AIM OF THE TASK: Under this line is a listing; return exactly the lines starting at the one with "Psychological mapping for" and running down to the one with "Grant Morrison Posing", and leave out its pictures.

THE RECORDS:
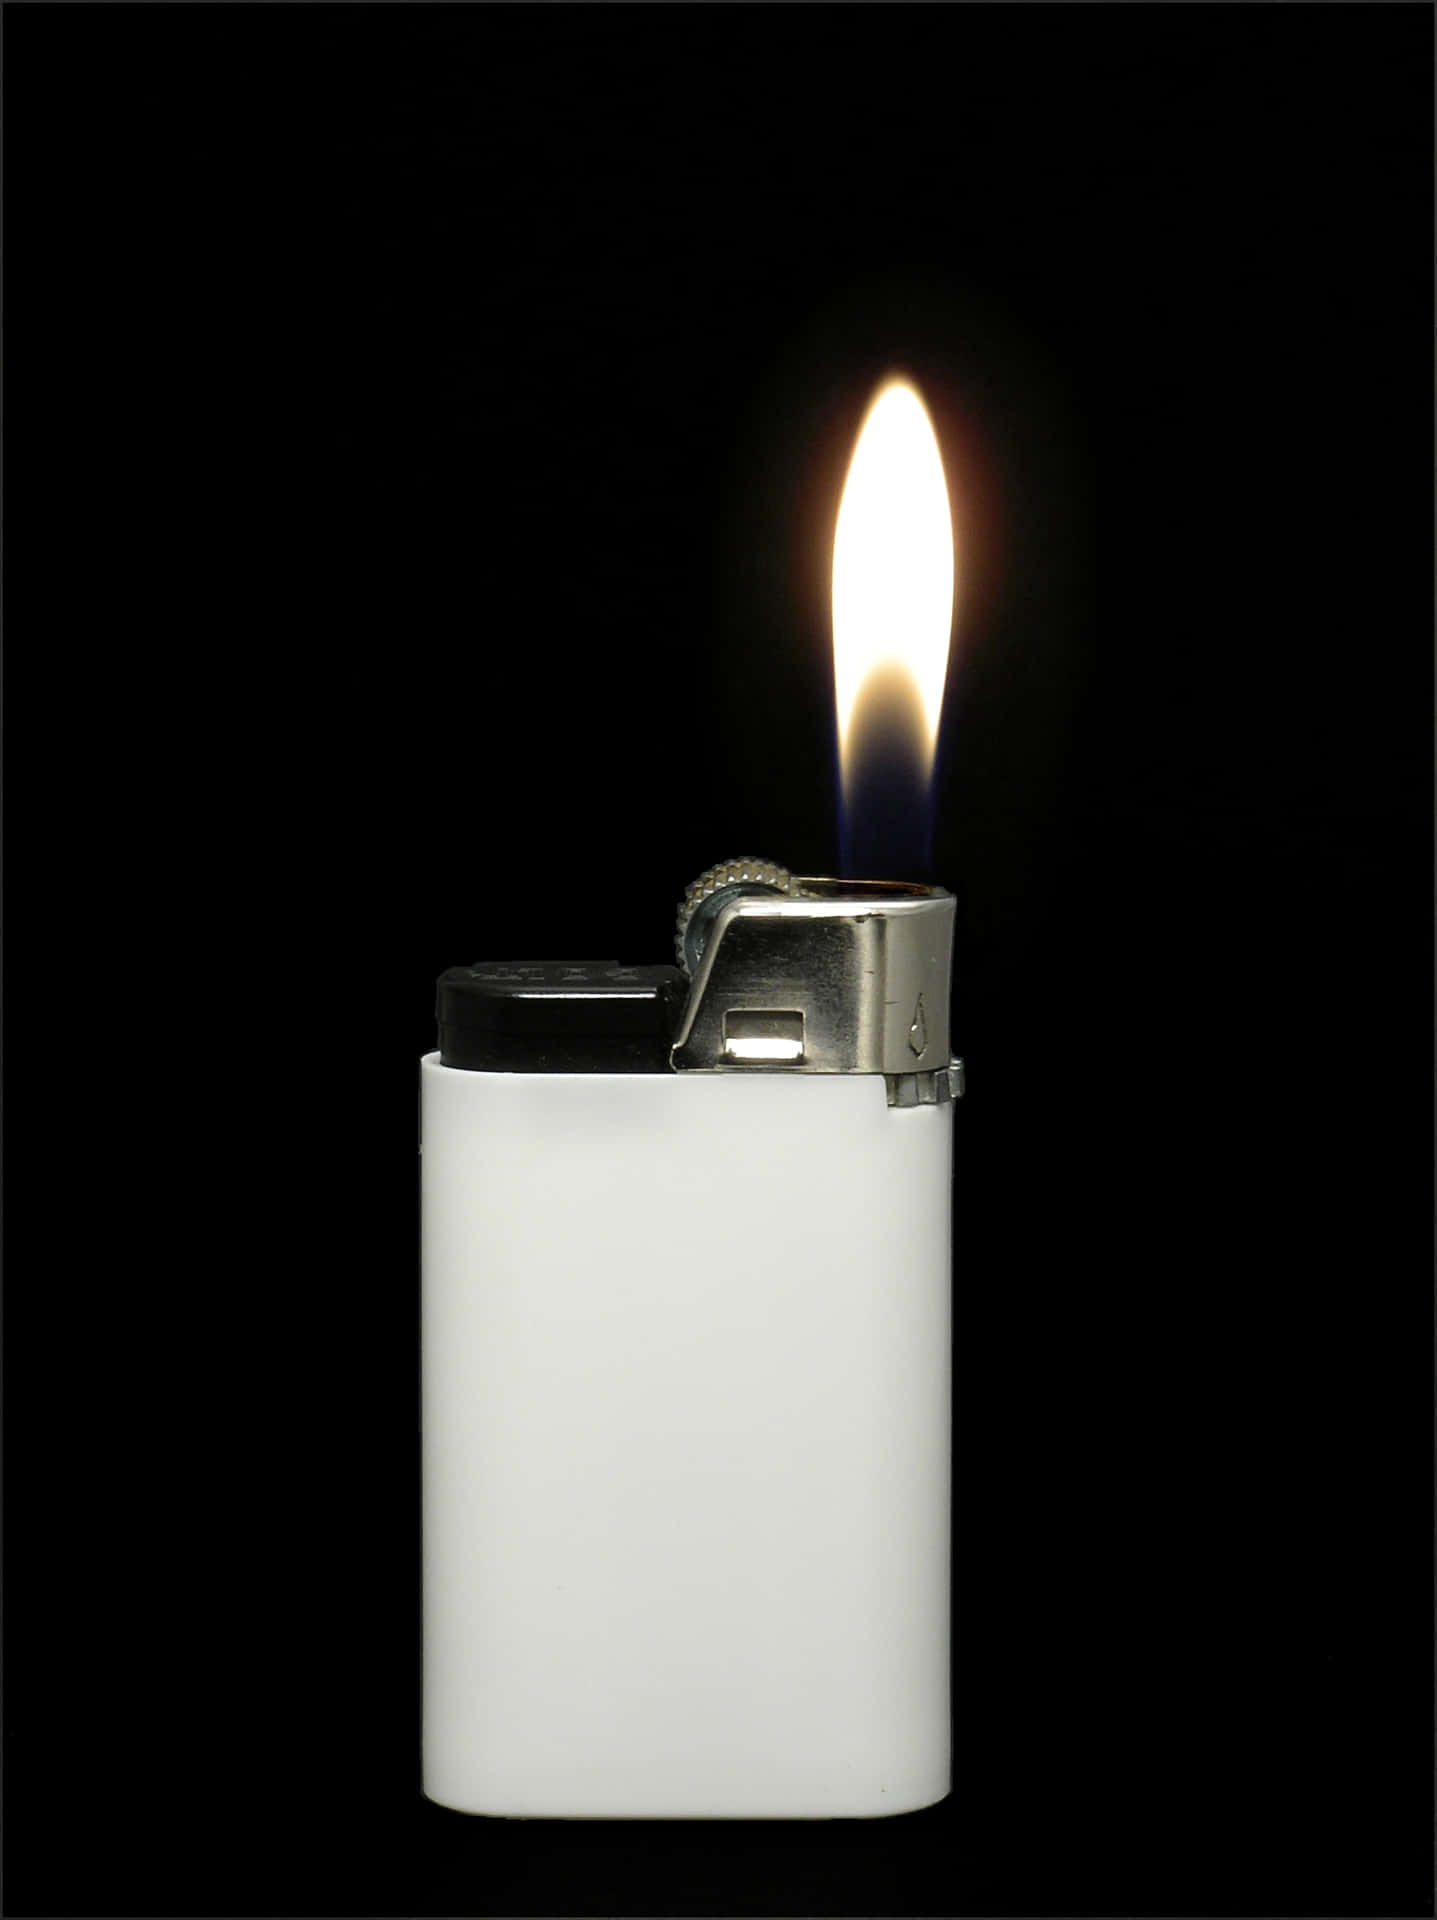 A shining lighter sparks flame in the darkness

==

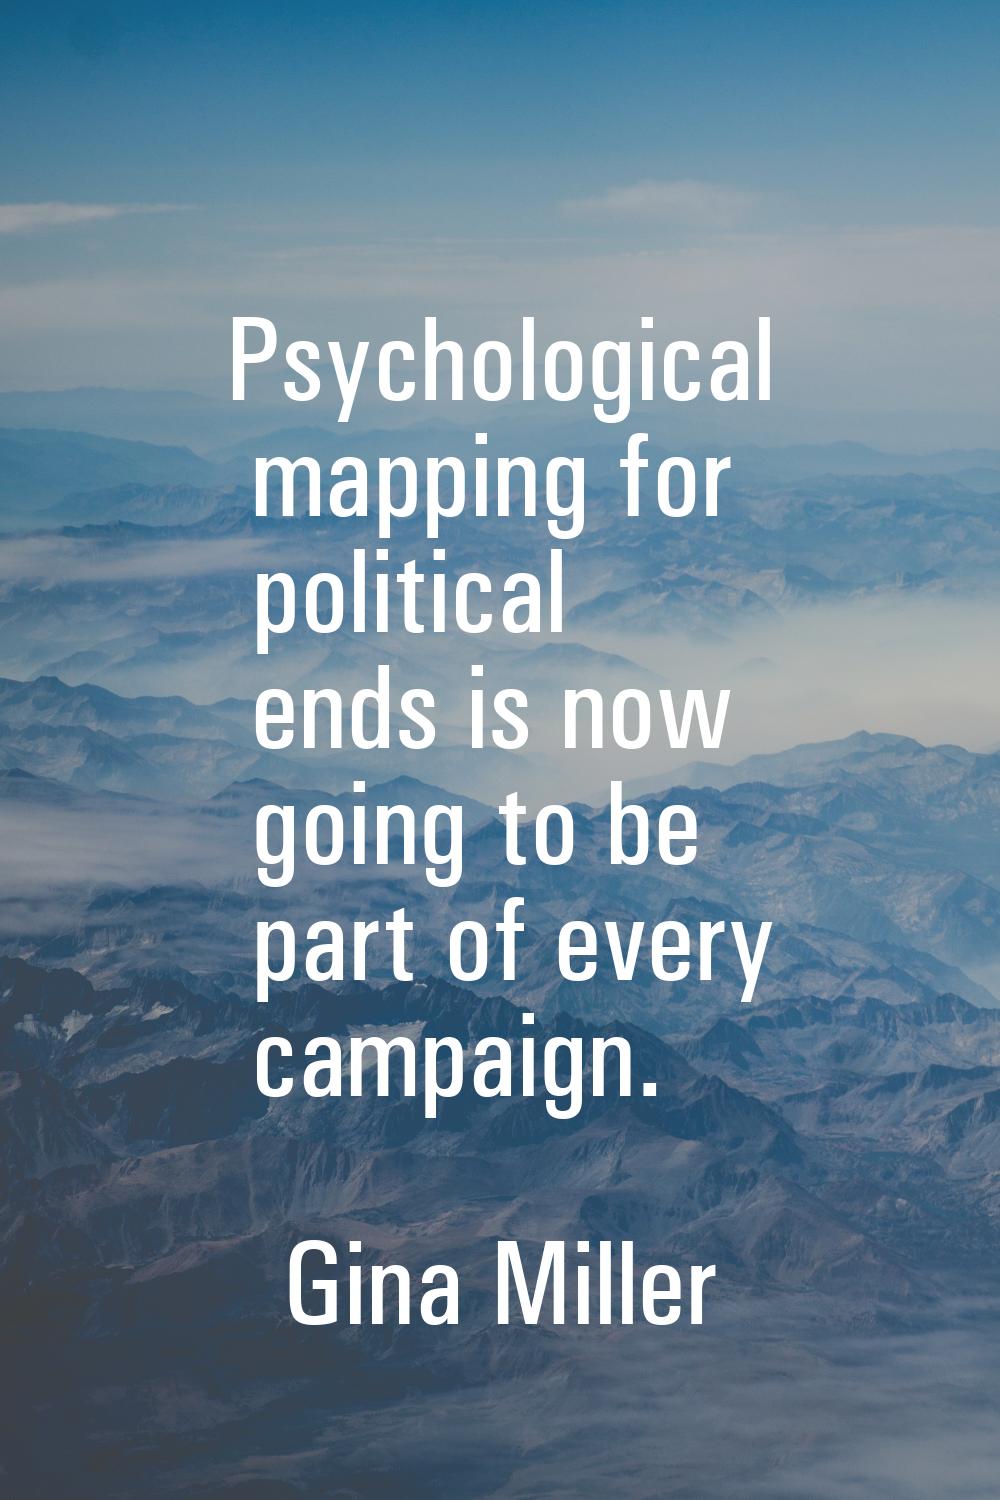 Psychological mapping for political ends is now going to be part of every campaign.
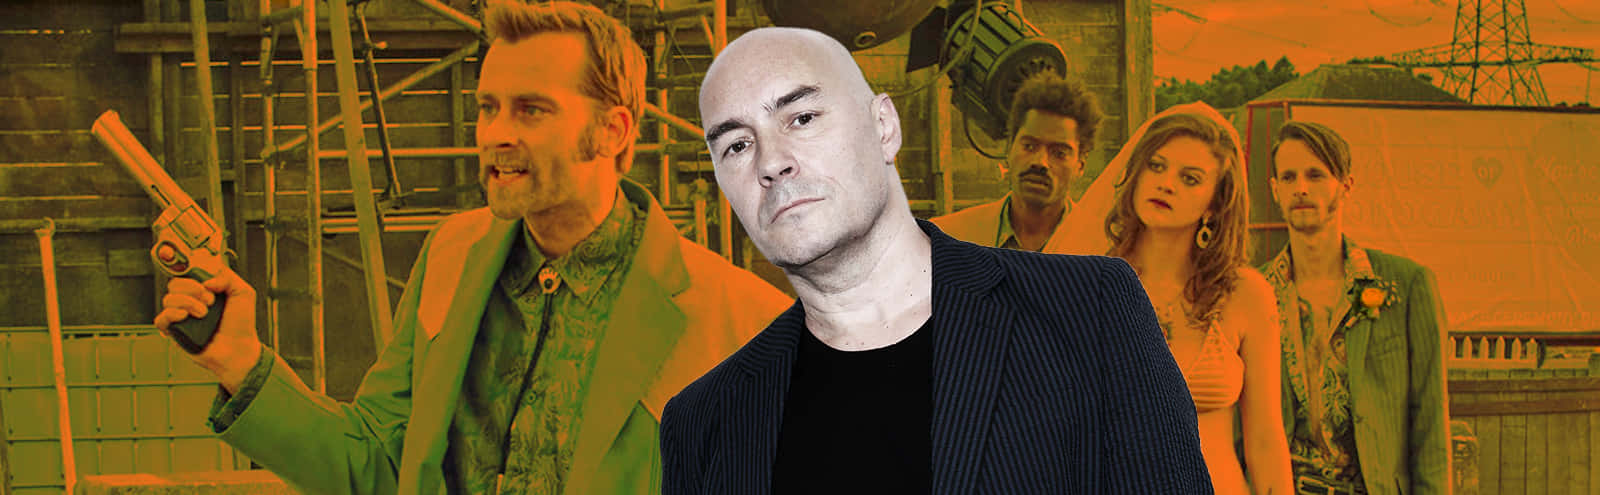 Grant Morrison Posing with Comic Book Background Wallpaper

* * *

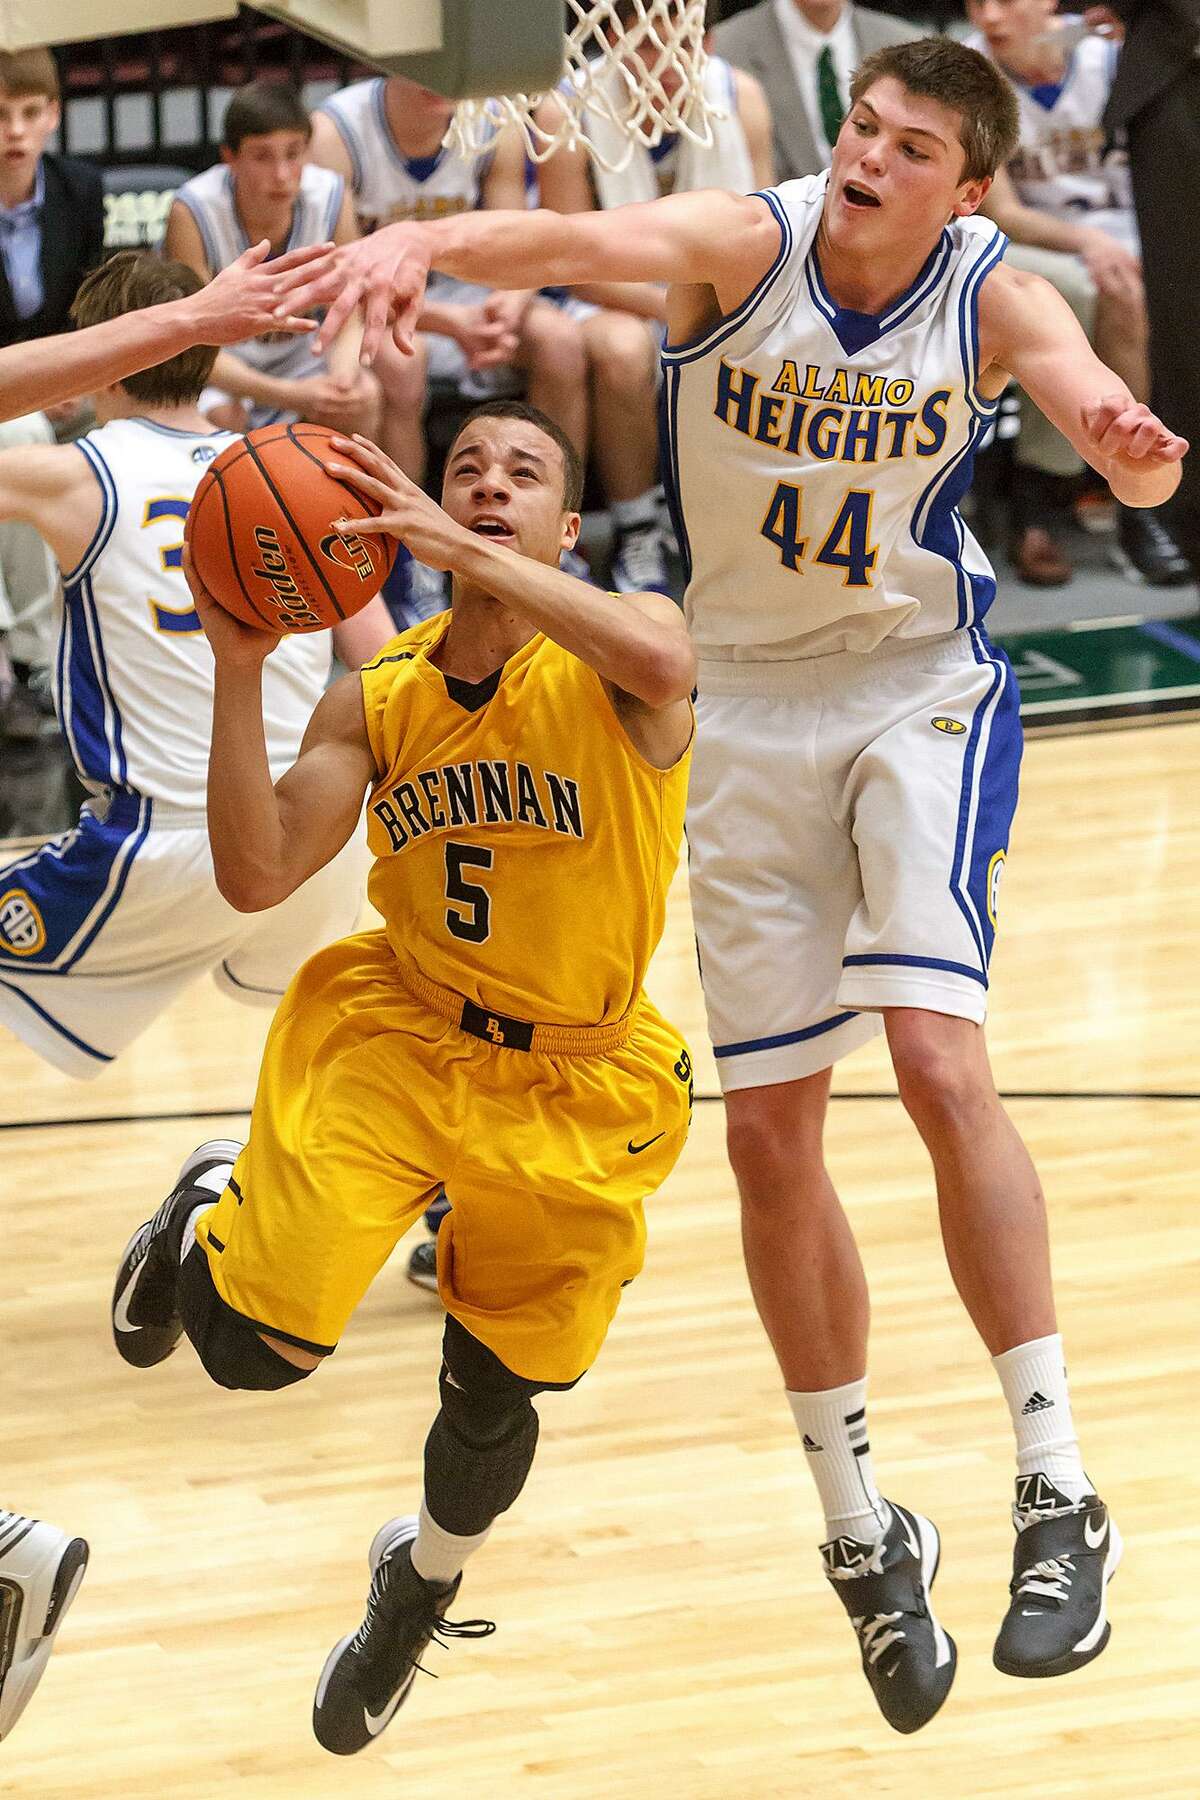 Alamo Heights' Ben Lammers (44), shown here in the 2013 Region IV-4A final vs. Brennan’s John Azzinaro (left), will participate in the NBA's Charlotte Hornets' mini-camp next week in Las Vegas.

RESULT:
 Psychological mapping for political ends is now going to be part of every campaign.
 Grant Morrison Posing with Comic Book Background Wallpaper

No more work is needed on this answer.